Just keep calling and be persistent. Call your tenant rights organization so you understand what is required in your area.
posted by amanda at 5:27 AM on December 5, 2017


why would you think it's birds? It sounds like it's the mice (or something like that.) It takes a very careful examination of a building's exterior to spot all the tiny (tiny!!!) spots where rodents can be getting into the walls, attic, crawlspace etc (and of course those spaces are usually contiguous.) Your building is big, I doubt the one guy who came out did a comprehensive inspection of the exterior.

I don't understand why they're talking about opening walls, usually if there are mice you can see their droppings in the attic and/or the crawlspace as well, and trap them there too.

I don't know how to convince your landlord to take it seriously except maybe if your town has a vector control body like mine does who can help him solve the problem without running afoul of whatever regs. There's no way marking something as historic absolves him of the need to do pest control. If anything it would do the opposite.

In the meantime do another examination of your apartment for tiny cracks, holes etc that could lead them into your space. Especially in your bathroom cabinets and kitchen.
posted by fingersandtoes at 6:14 AM on December 5, 2017


Best answer: I live in an 1880's house and mice are just a thing you deal with especially this time of year when the weather gets cold and they move indoors. My goal usually is trying to keep them out of the house. The big aspects to this are

- closing up mouse holes (anything larger than the size of a dime) with steel wool or solid foam)
- putting away and sealing up ALL food

There are not birds in your walls, this is not a thing unless there are big holes and birds roosting in there. If the mice stay in your walls it's okay. It's not optimal because they can pee and poop in there and maybe chew through cords and burrow into insulation, but it's not an immediate OMG level danger. Squirrels in the wall is a bigger deal, they are more destructive, chew on your house, etc. However you want mice out of the inside of the house because of various diseases they can carry. I have used the sonic plug-ins and found them not that useful. I've put out poison (not proud, honestly, but that's only when things have gotten bad) and that is super effective though you can often wind up with a dead mouse in the wall.

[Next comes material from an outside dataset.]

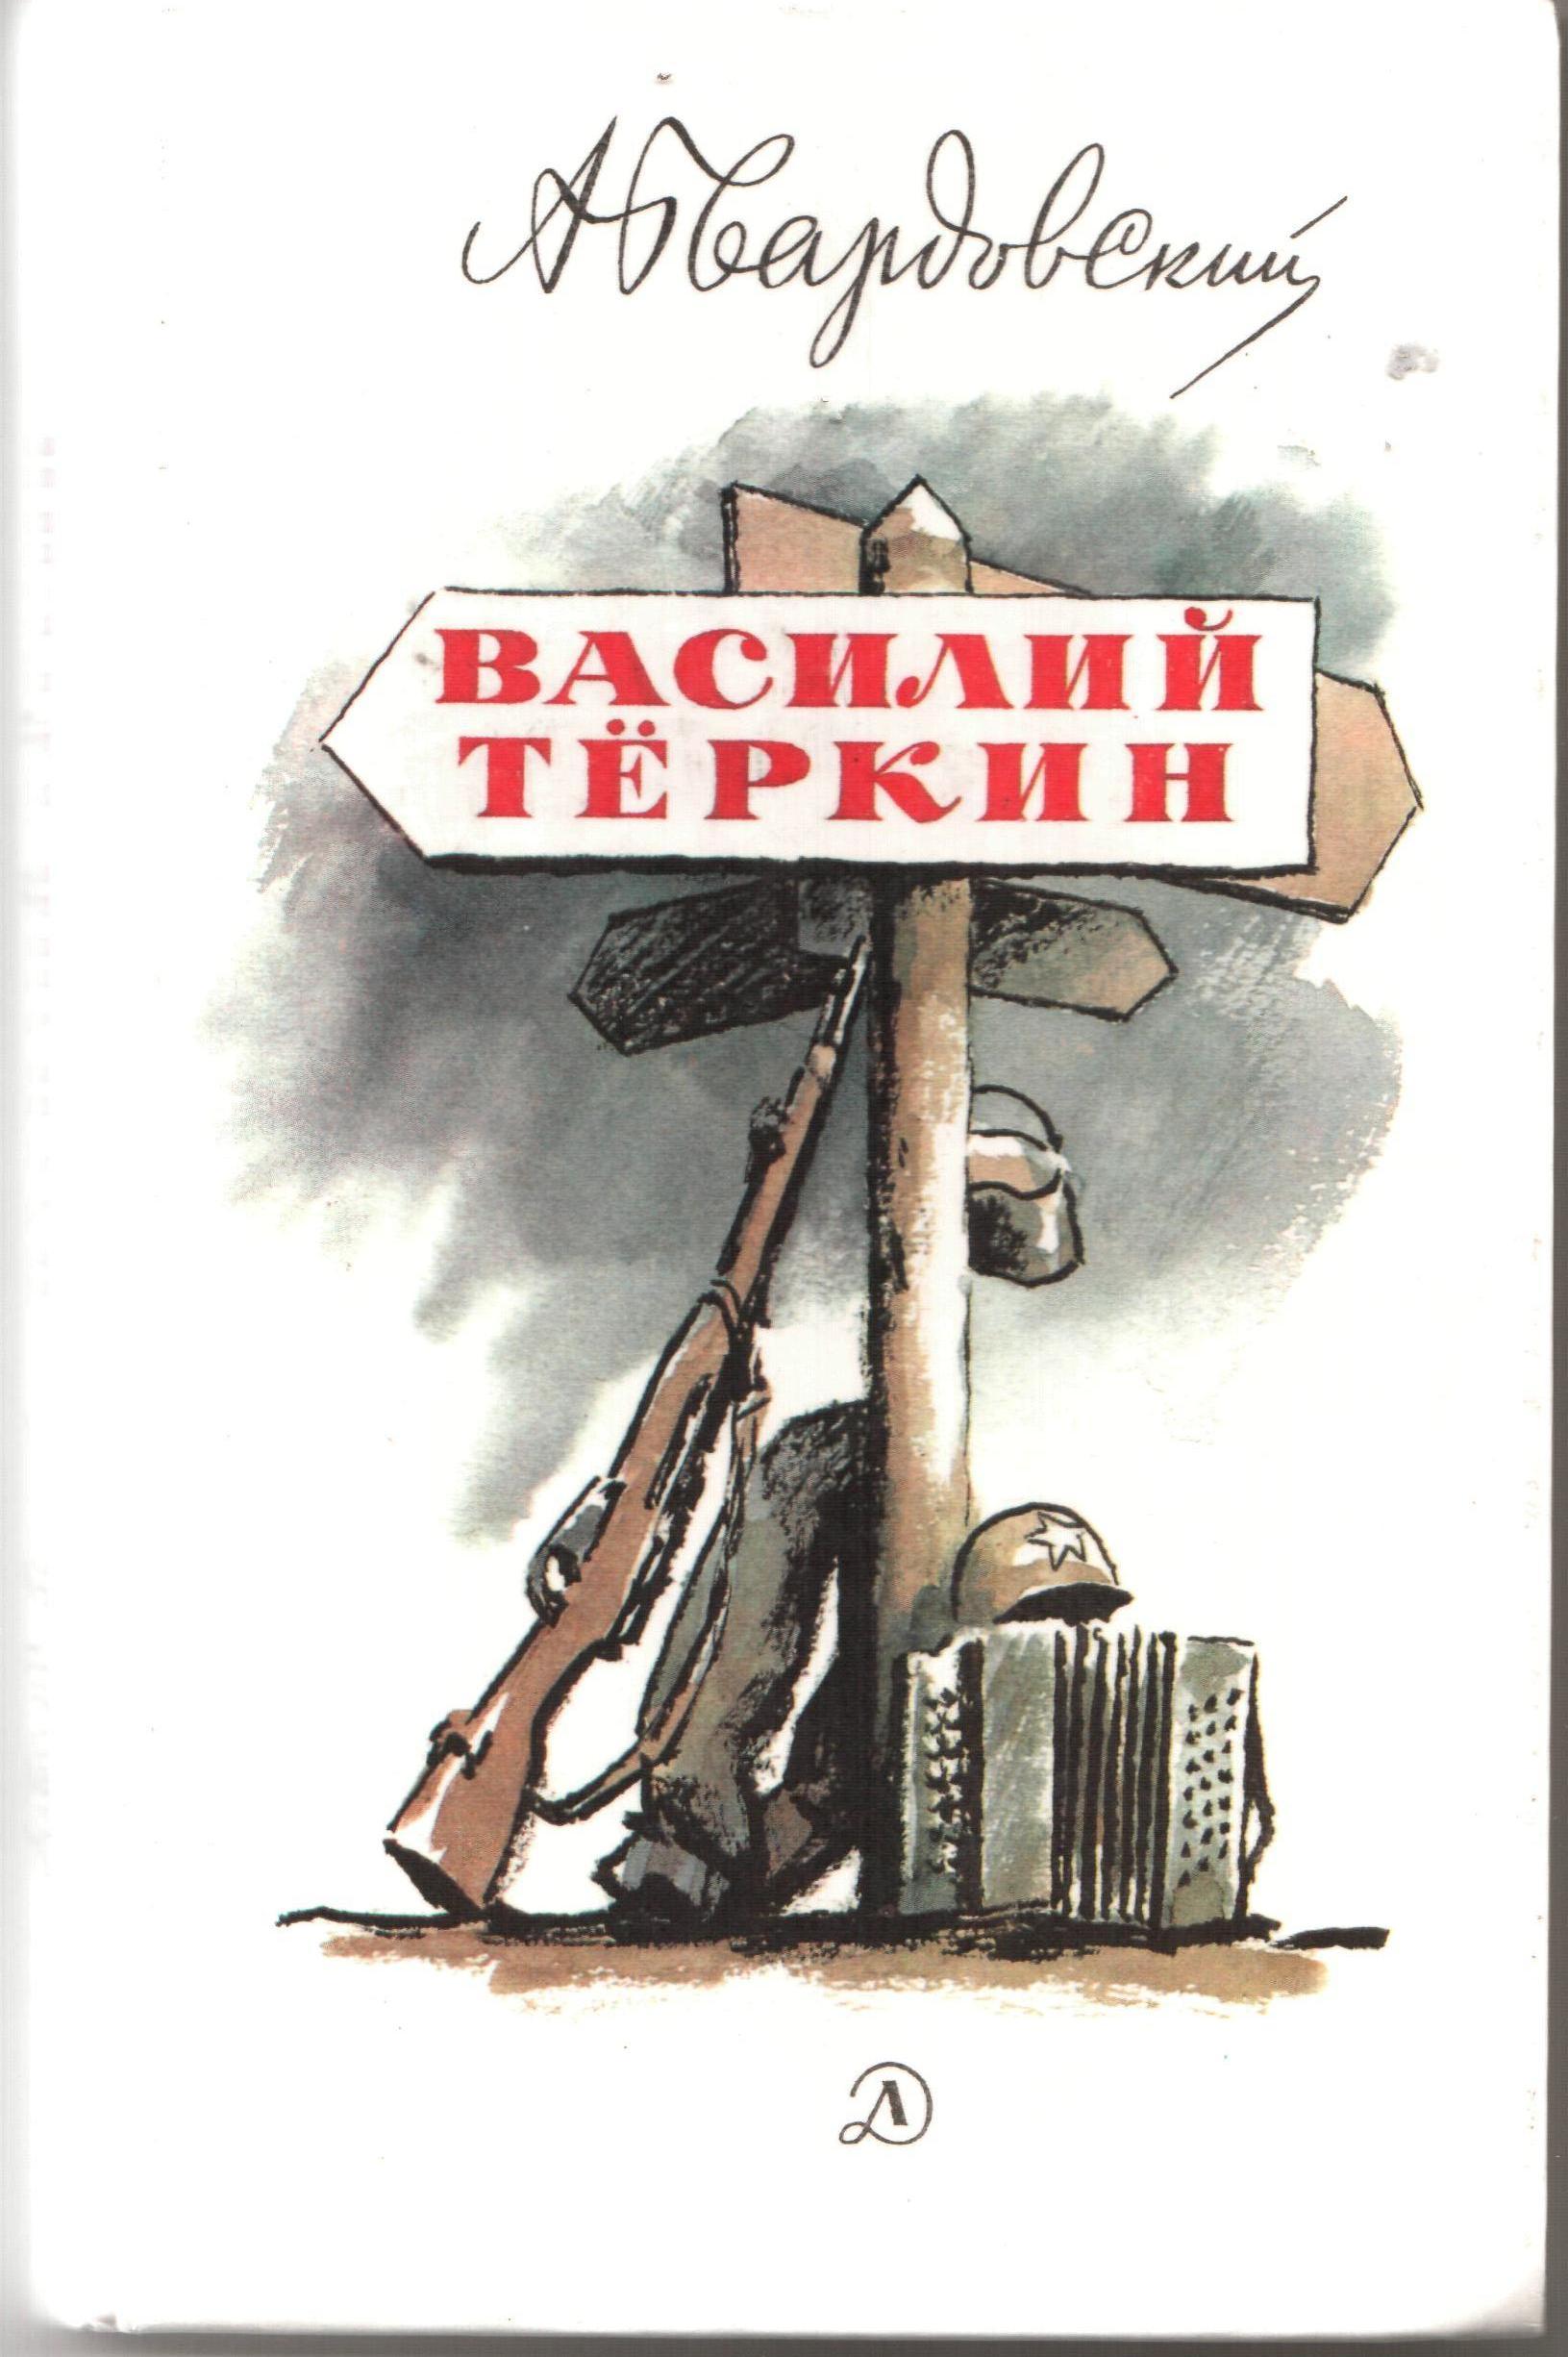 Твардовский Василий Теркин обложка

So I'd keep the pressure on the landlord, not in a "I am freaking out" way but in a "there are still mice" way. No one has to open the walls. This should be stuff they can deal with at an attic-level.
posted by jessamyn at 7:11 AM on December 5, 2017 [2 favorites]


Good luck finding every hole that a mouse can get through. Not a likely solution. Get some mouse poison, like D-Con or something. It really works in my very old house.
posted by nothing.especially.clever at 9:58 AM on December 5, 2017


I have had a bird in my wall before. It was definitely not chirping, because it was NOT happy. It was scratching really hard, and the beating of its wings made it sound far larger than it was. When I called the pest control company, I fully expected they were going to pull out a raccoon. It was that loud.

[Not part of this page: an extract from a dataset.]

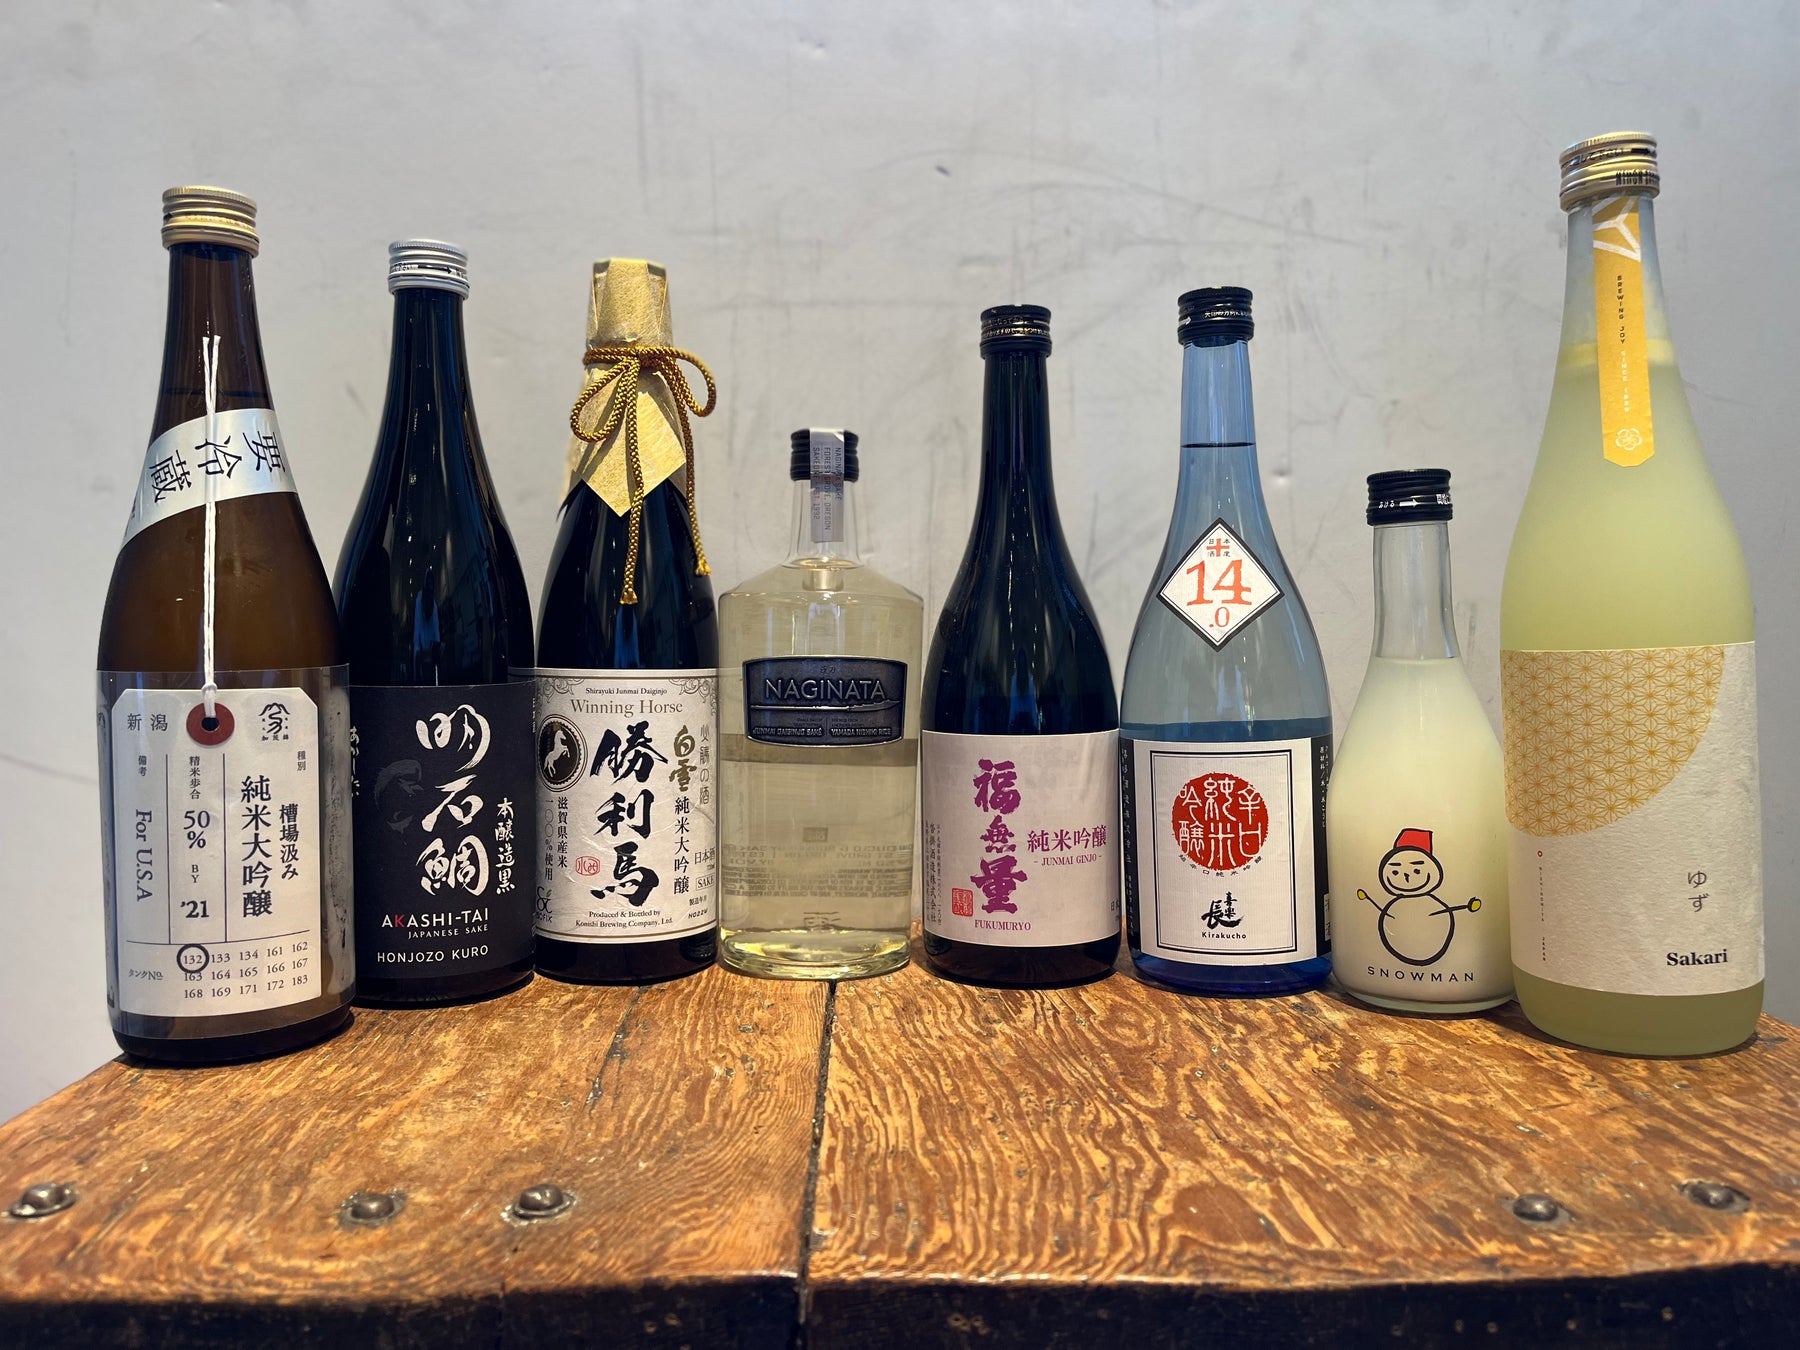 New Store Arrivals – Kamonishiki, Akashi Tai, Shirayuki, Sake One, Fukumyru, Den, & more.

It's more likely the mice. Mice are a thing in old homes.
posted by pixiecrinkle at 1:13 PM on December 5, 2017


+ mice or squirrels. My parents had a squirrel living in the wall near their bedroom. They tried traps, bait, everything. Finally my dad found a Youtube video of a dog barking, rigged up some sort of speaker system right next to where the scratching was coming from, and blasted Angry Dog for about 10 minutes.

No more squirrel. I'm pretty sure it died of fright.
posted by basalganglia at 4:54 PM on December 5, 2017 [2 favorites]


I'm dealing with mice in my walls now and I've had some success with basically making my place smell like the inside of a toothpaste tube. I'm liberal with peppermint-oil-doused sachets (and even added some while mopping the floor) and it seems to move them along for a bit.